Wanted to drop in and mention an alternative to VxLAN: GUE -> an in-kernel, L3 encap solution recently (soon to be?) merged into Linux: torvalds/linux@6106253

c4milo · 2014-11-05T18:35:49Z

@maceip agreed with you. It seems to me that an efficient and minimal approach to networking in Docker would be using VXLAN + DOVE extensions or, even better, GUE. I'm inclined to think that OVS is too much for containers but I might be just biased.

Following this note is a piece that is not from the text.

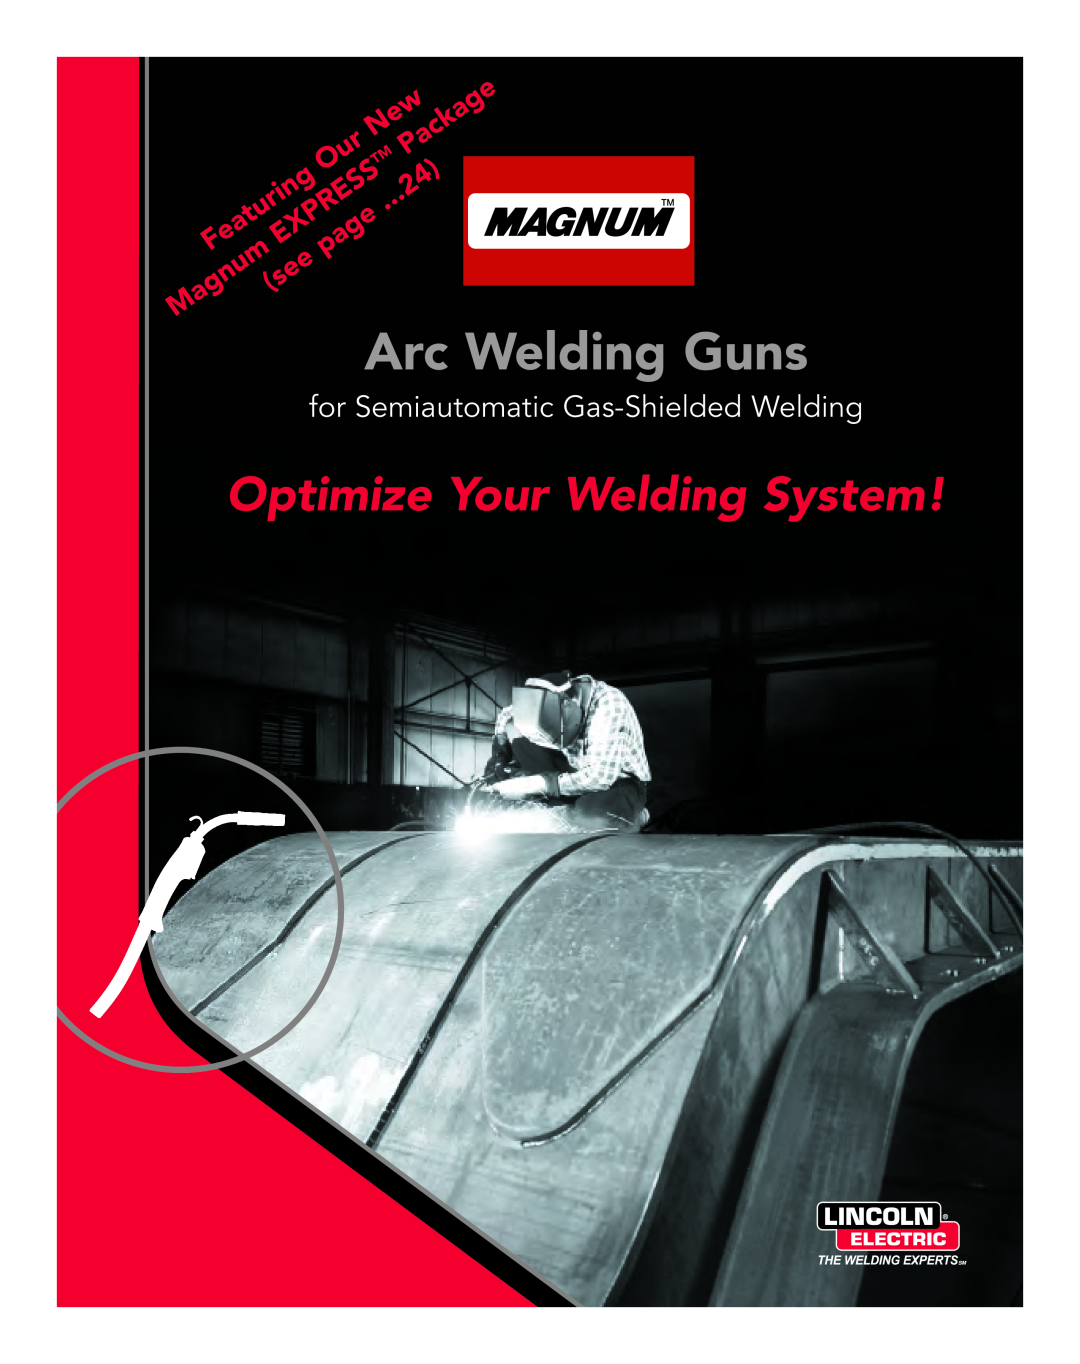 Lincoln Electric Magnum manual Arc Welding Guns, Optimize Your Welding System, for Semiautomatic Gas-Shielded Welding 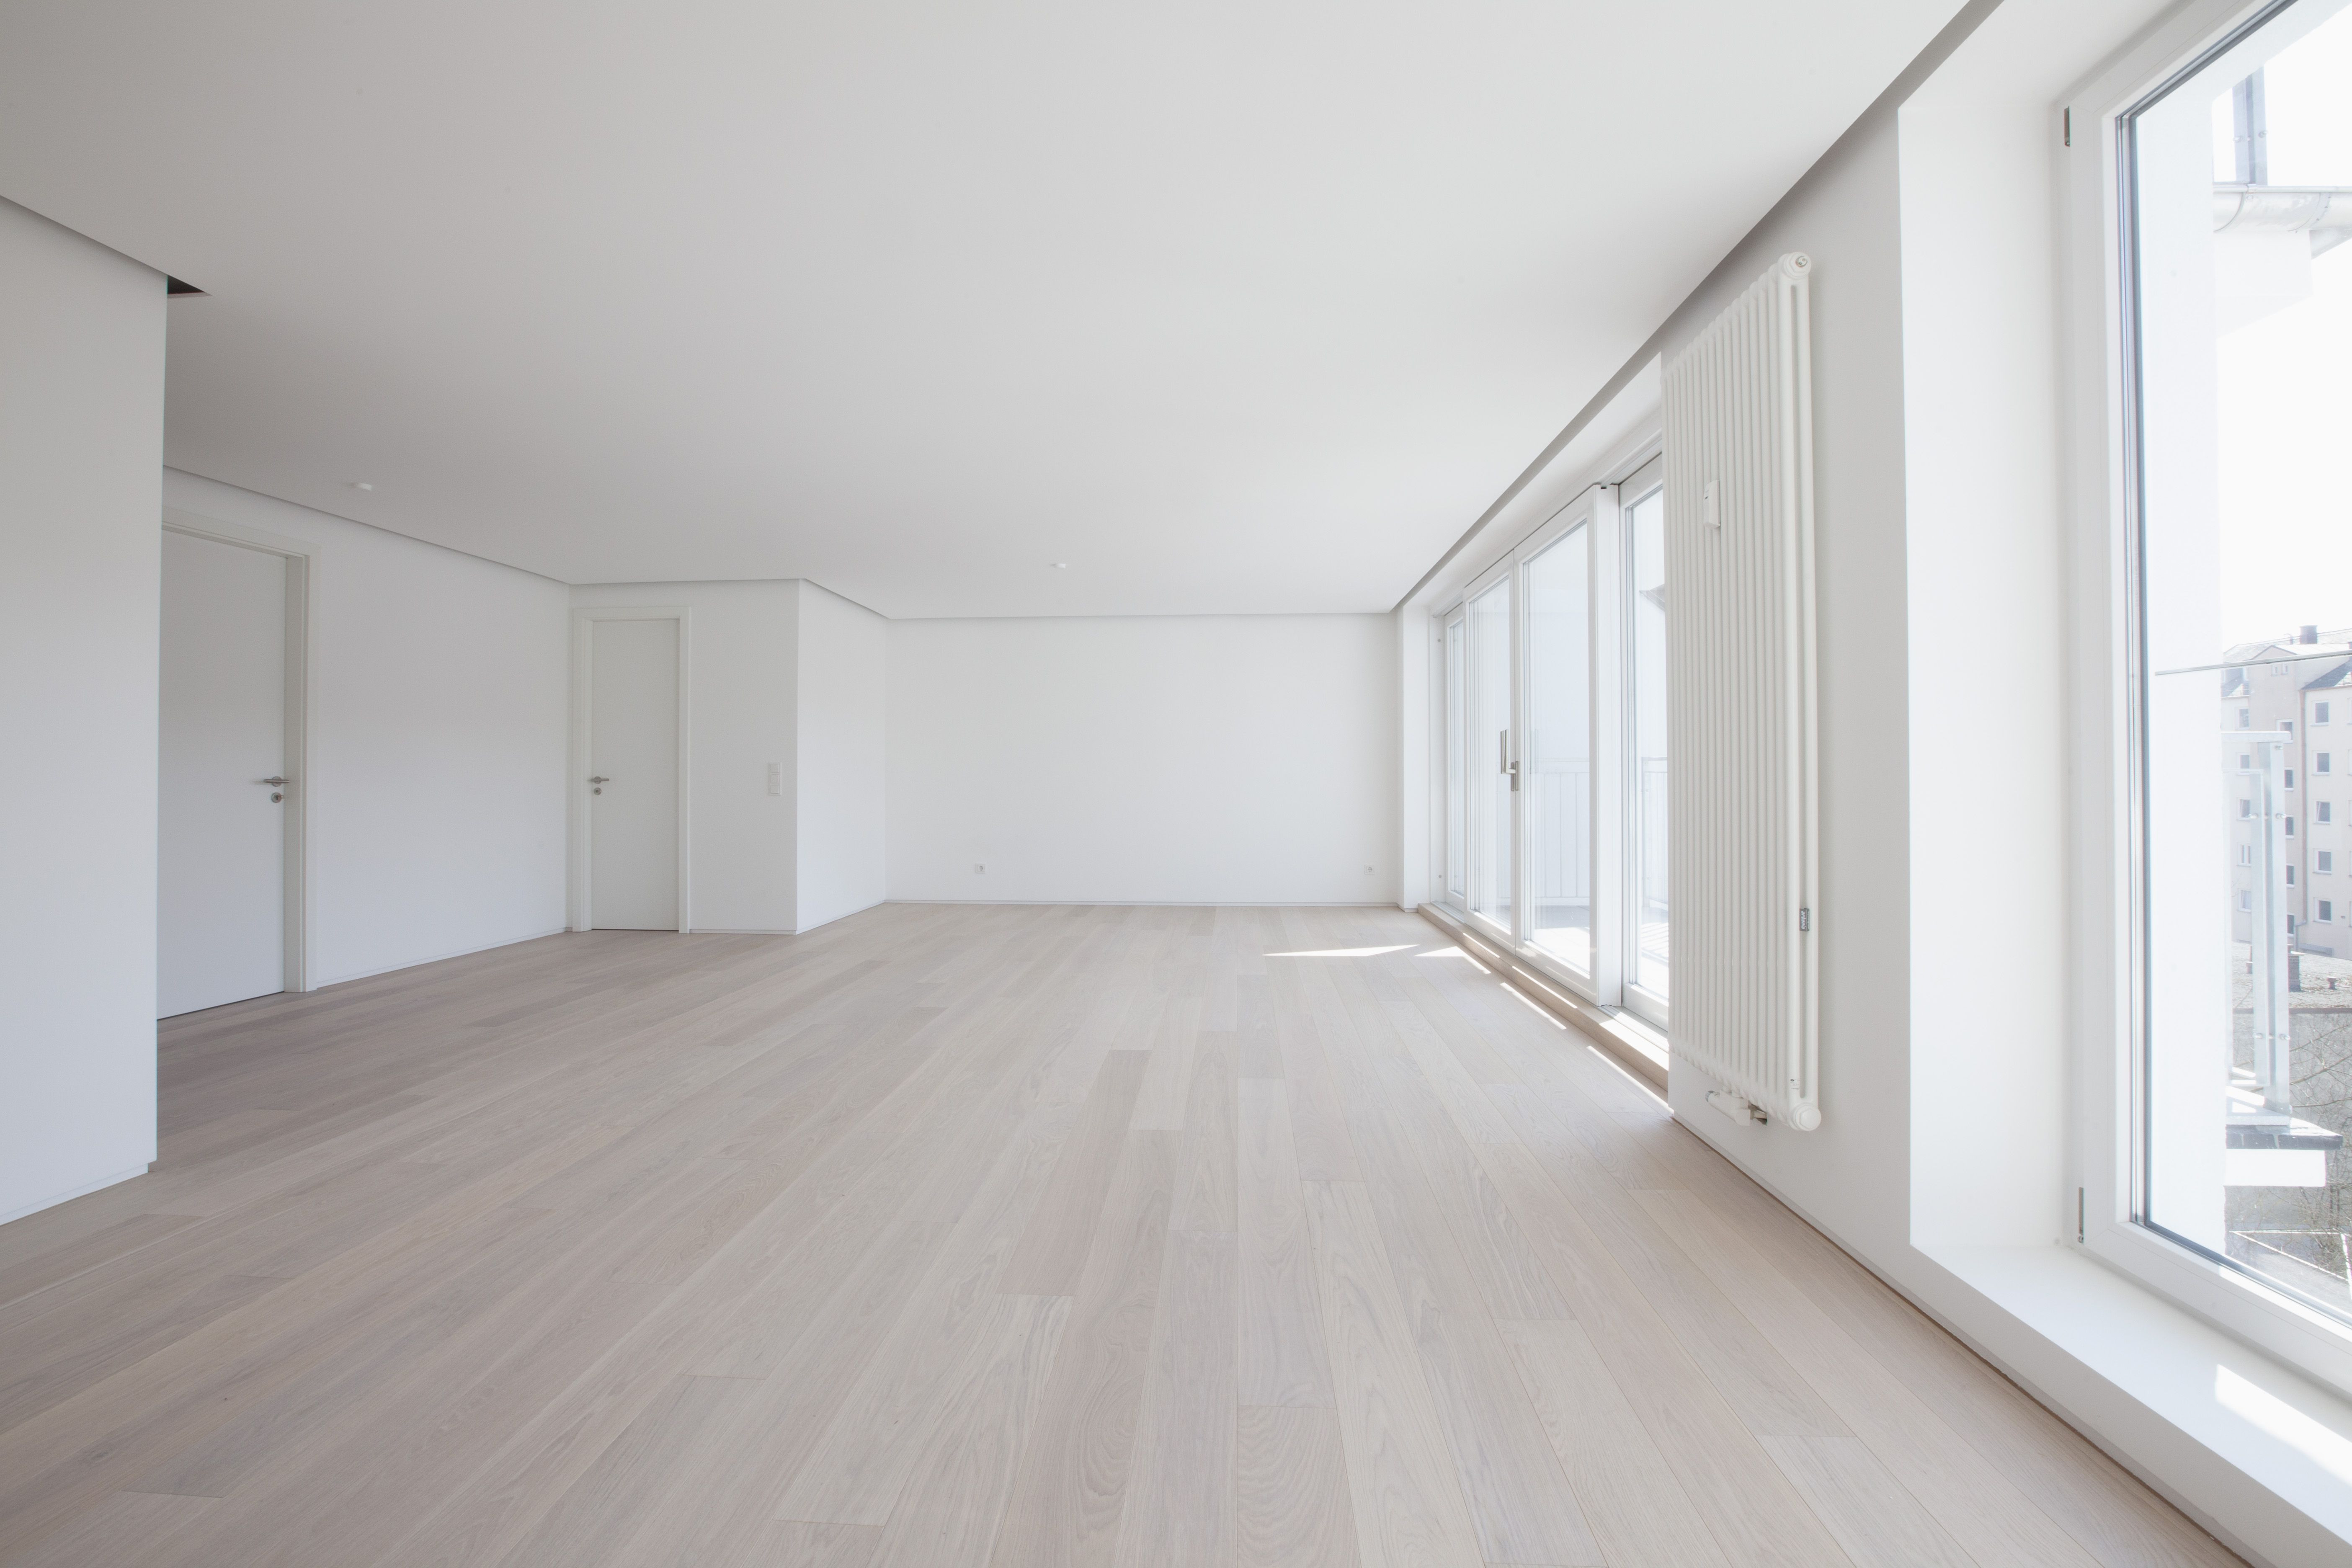 30 attractive Bruce Hardwood Floors Logo 2024 free download bruce hardwood floors logo of basics of favorite hybrid engineered wood floors within empty living room in modern apartment 578189139 58866f903df78c2ccdecab05

maceip · 2014-11-05T18:58:08Z

Given my limited experience, I don't see a compelling reason to do anything in L2 (ovs/vxlan). Is there an argument explaining why people want this? Generic UDP Encapsulation (GUE) seems to provide a simple, performant solution to this network overlay problem, and scales across various environments/providers.

shykes · 2014-11-05T19:07:32Z

@maceip @c4milo isn't GUE super new and poorly supported in the wild? Regarding vxlan+dove, I believe OVS can be used to manage it. Do you think we would be better off hitting the kernel directly? I can see the benefits of not carrying the entire footprint of OVS if we only use a small part of it - but that should be weighed against the difficulty of writing and maintaining new code. We faced a similar tradeoff between continuing to wrap lxc, or carrying our own implementation with libcontainer. Definitely not a no-brainer either way.

erikh · 2015-01-09T14:24:29Z

We're reopening this after some discussion with @mavenugo pointing out that our proposal is not a solution for everything in here -- and it should be much closer.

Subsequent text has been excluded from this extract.